В середине августа Аспирин и Аглая сыграли свадьбу.
Под гулянку арендовали кафе «Техас», которое когда-то называлось «Дружбой». Гостей было много. Пришла даже мать убитой Жульки – бритоголовая Нинка, надевшая по такому случаю платок с узором, платье с подвернутыми рукавами и кроссовки. Она с порога выпила фужер водки и закусила конфеткой. На нее косились, но помалкивали.

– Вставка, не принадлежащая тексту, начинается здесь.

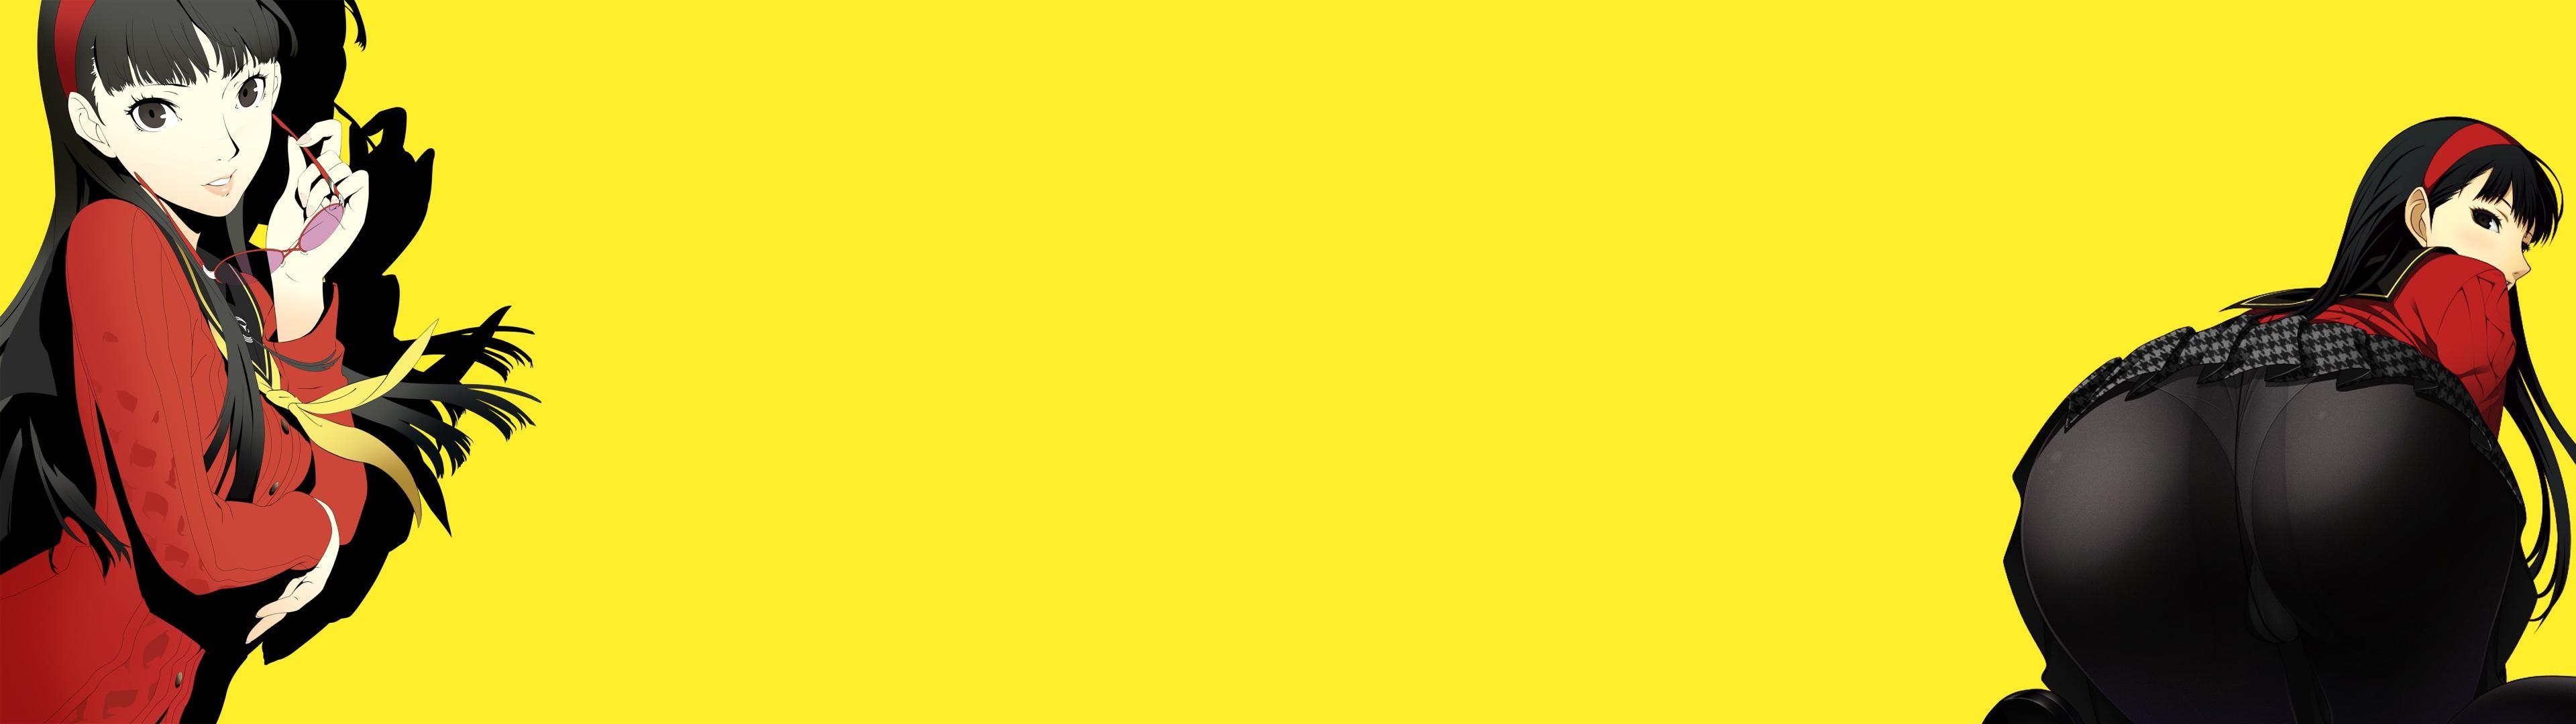 Self Made(half-OC) Yukiko Amagi (Persona 4) [3840×1080] …

Андрей Иванович Замятин и Евсей Львович Евсеев-Горский сидели на почетных местах. Когда дошла очередь до подарков, Евсей Львович потребовал тишины и вручил Аглае обувную коробку, перевязанную шелковой ленточкой, и ключи от красного автомобиля с открытым верхом. Пока Аглая целовалась со стариком, Аспирин открыл коробку и сказал: «Ну ни хера себе!» Аглая заглянула в коробку – она была доверху набита пачками пятитысячных в банковской упаковке. «Тут миллионов пять, – сказал Аспирин. – Или больше». Андрей Иванович подарил пятьдесят тысяч рублей, старинные жемчужные бусы, доставшиеся ему от бабушки, и золотой портсигар царских времен – с игривым Амуром на крышке и надписью «От поклонников и поклонниц дорогому нашему дусе Арнольду Георгиевичу».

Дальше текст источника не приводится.